#### What to work on
From the line with "Carnaval 2020: Camponaraya" to the line with "Wacom Intuos Draw", output every line below exactly, both ends included. Skip the pictures.

#### Record set
::::
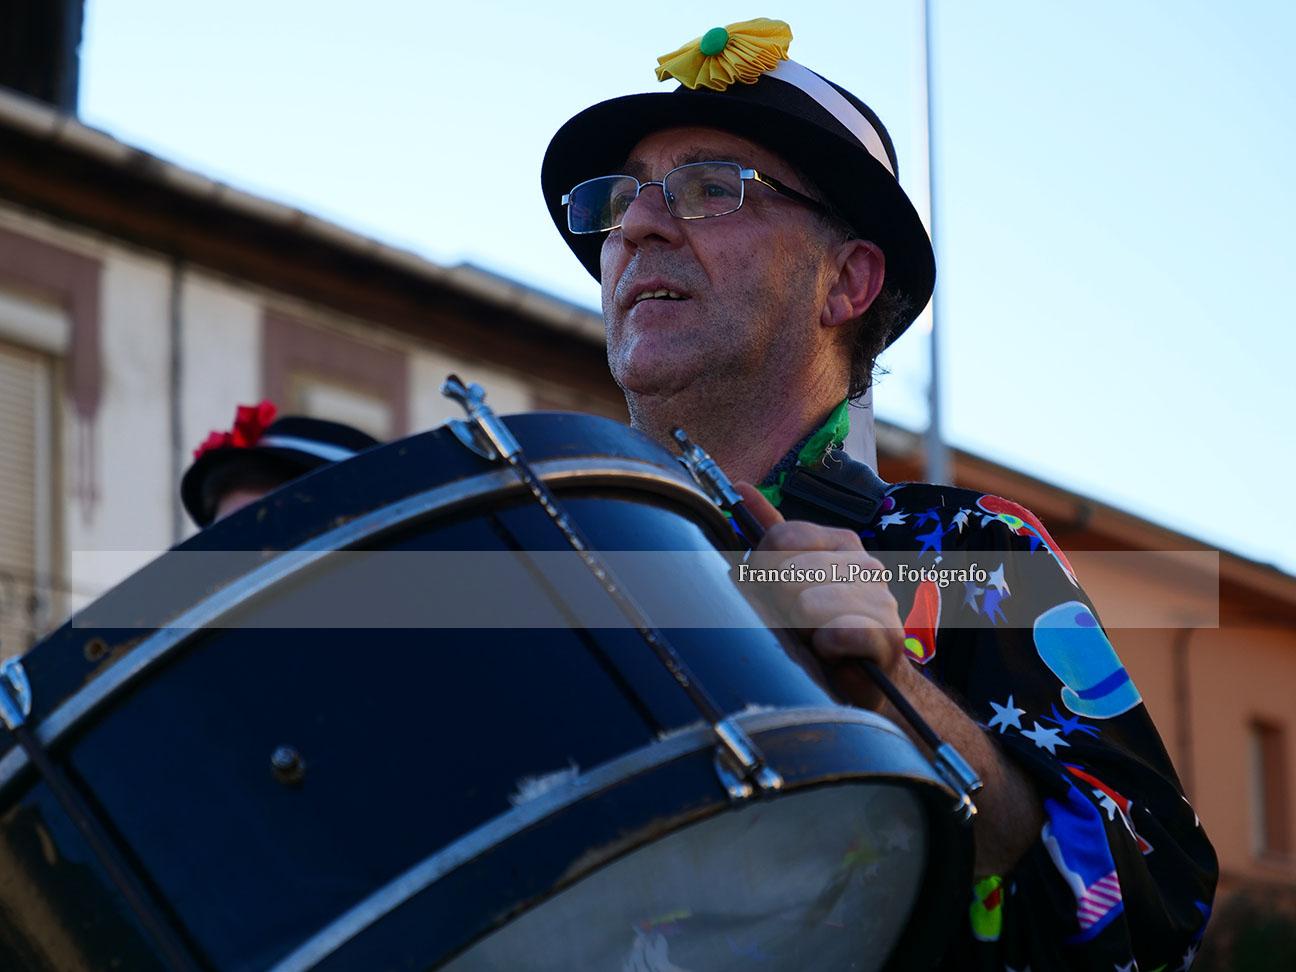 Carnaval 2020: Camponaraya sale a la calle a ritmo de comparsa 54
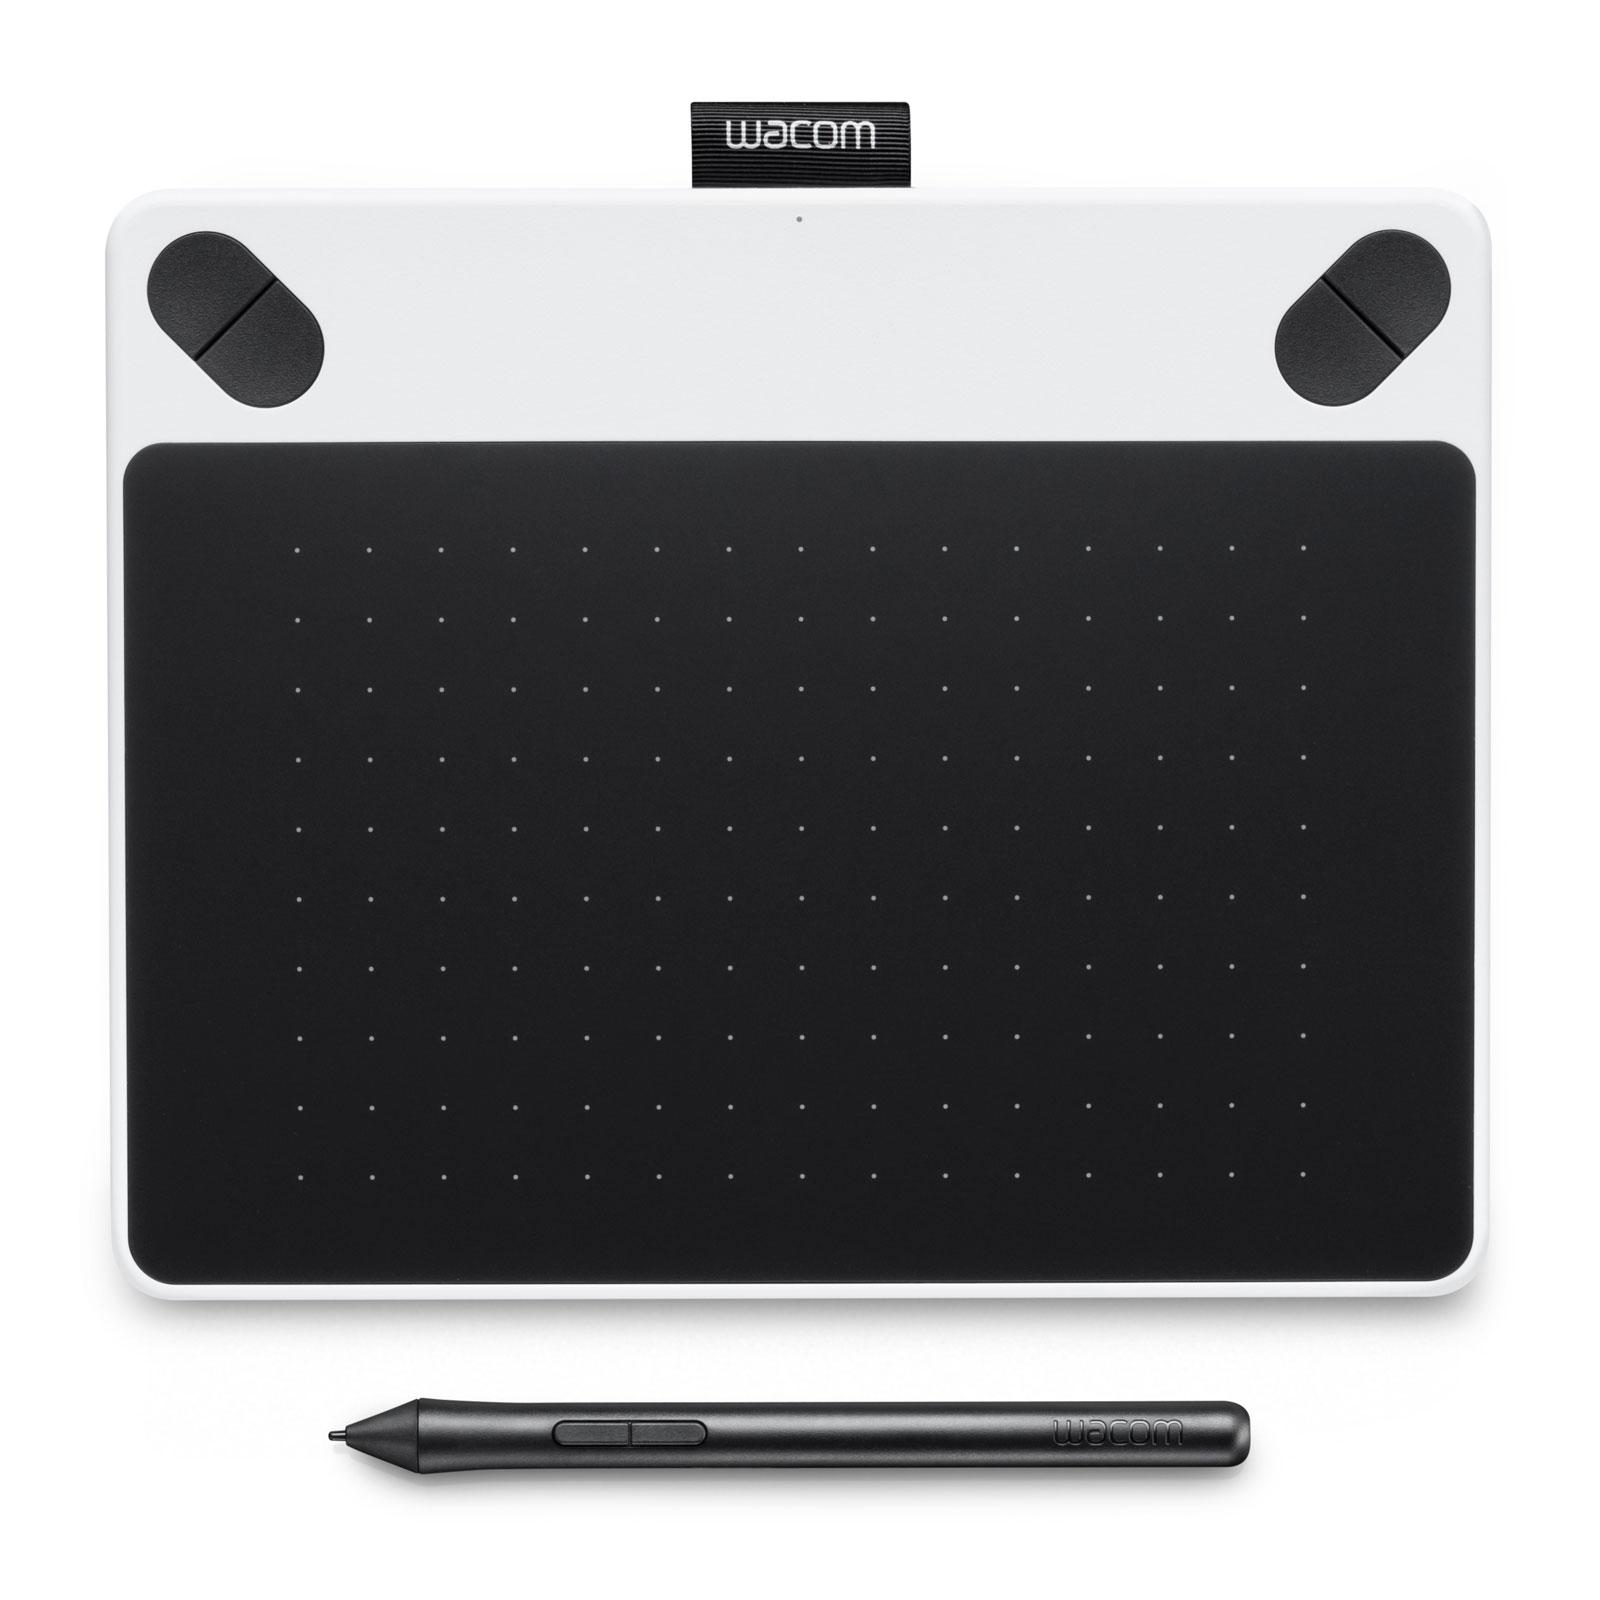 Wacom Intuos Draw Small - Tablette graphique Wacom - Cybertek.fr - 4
::::
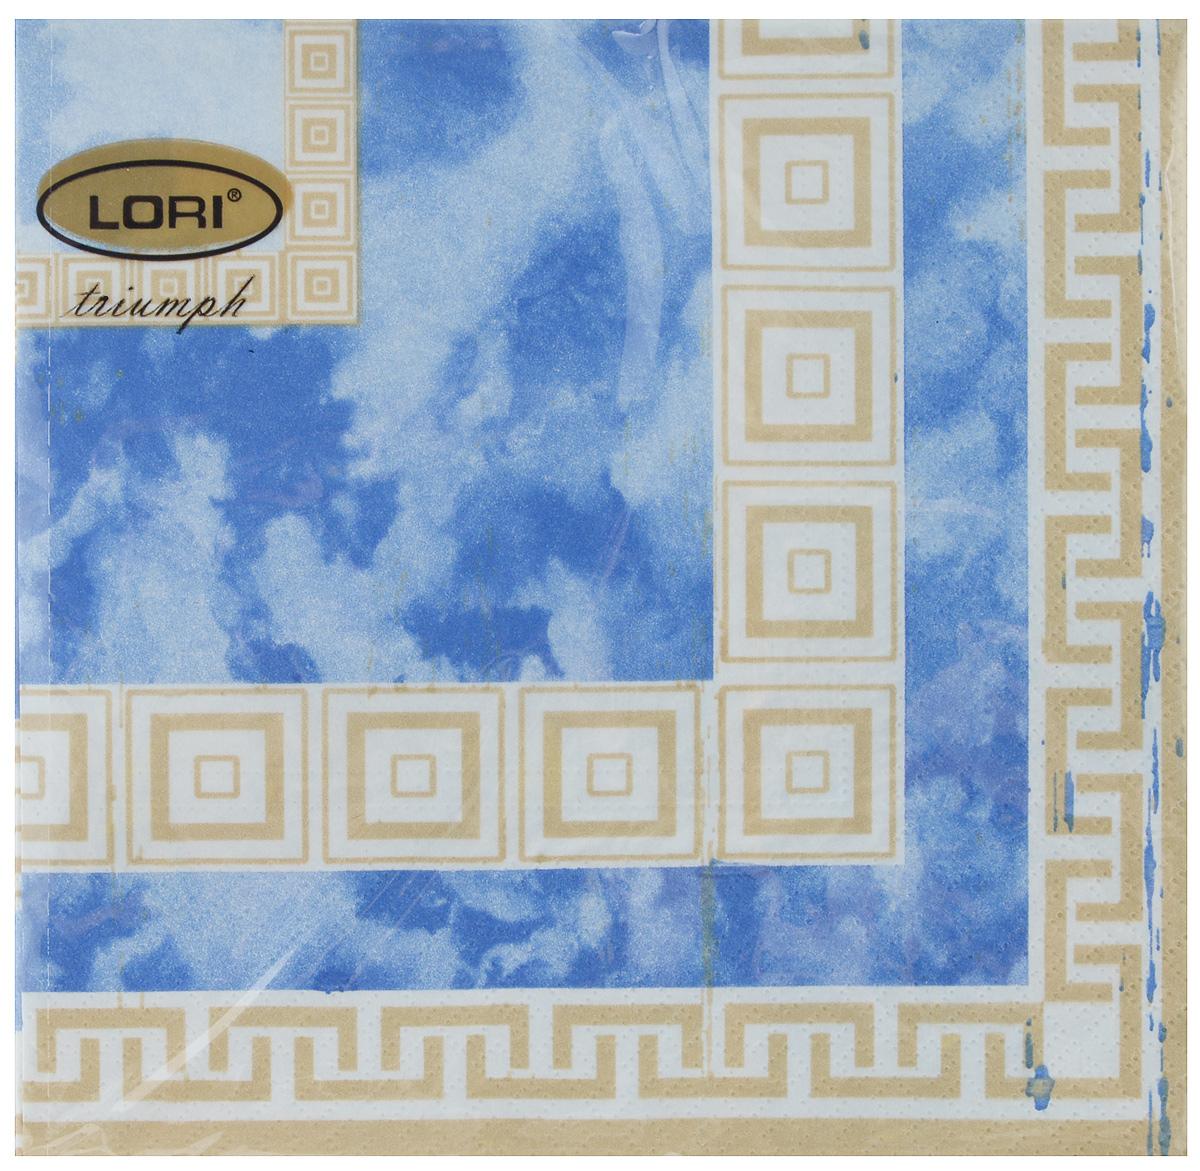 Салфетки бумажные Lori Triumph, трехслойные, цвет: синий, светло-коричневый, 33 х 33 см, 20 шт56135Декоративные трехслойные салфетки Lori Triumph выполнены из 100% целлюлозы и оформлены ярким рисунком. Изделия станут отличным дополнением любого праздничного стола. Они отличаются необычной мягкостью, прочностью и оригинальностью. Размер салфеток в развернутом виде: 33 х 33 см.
::::
#### Answer space
 Carnaval 2020: Camponaraya sale a la calle a ritmo de comparsa 54
 Wacom Intuos Draw Small - Tablette graphique Wacom - Cybertek.fr - 4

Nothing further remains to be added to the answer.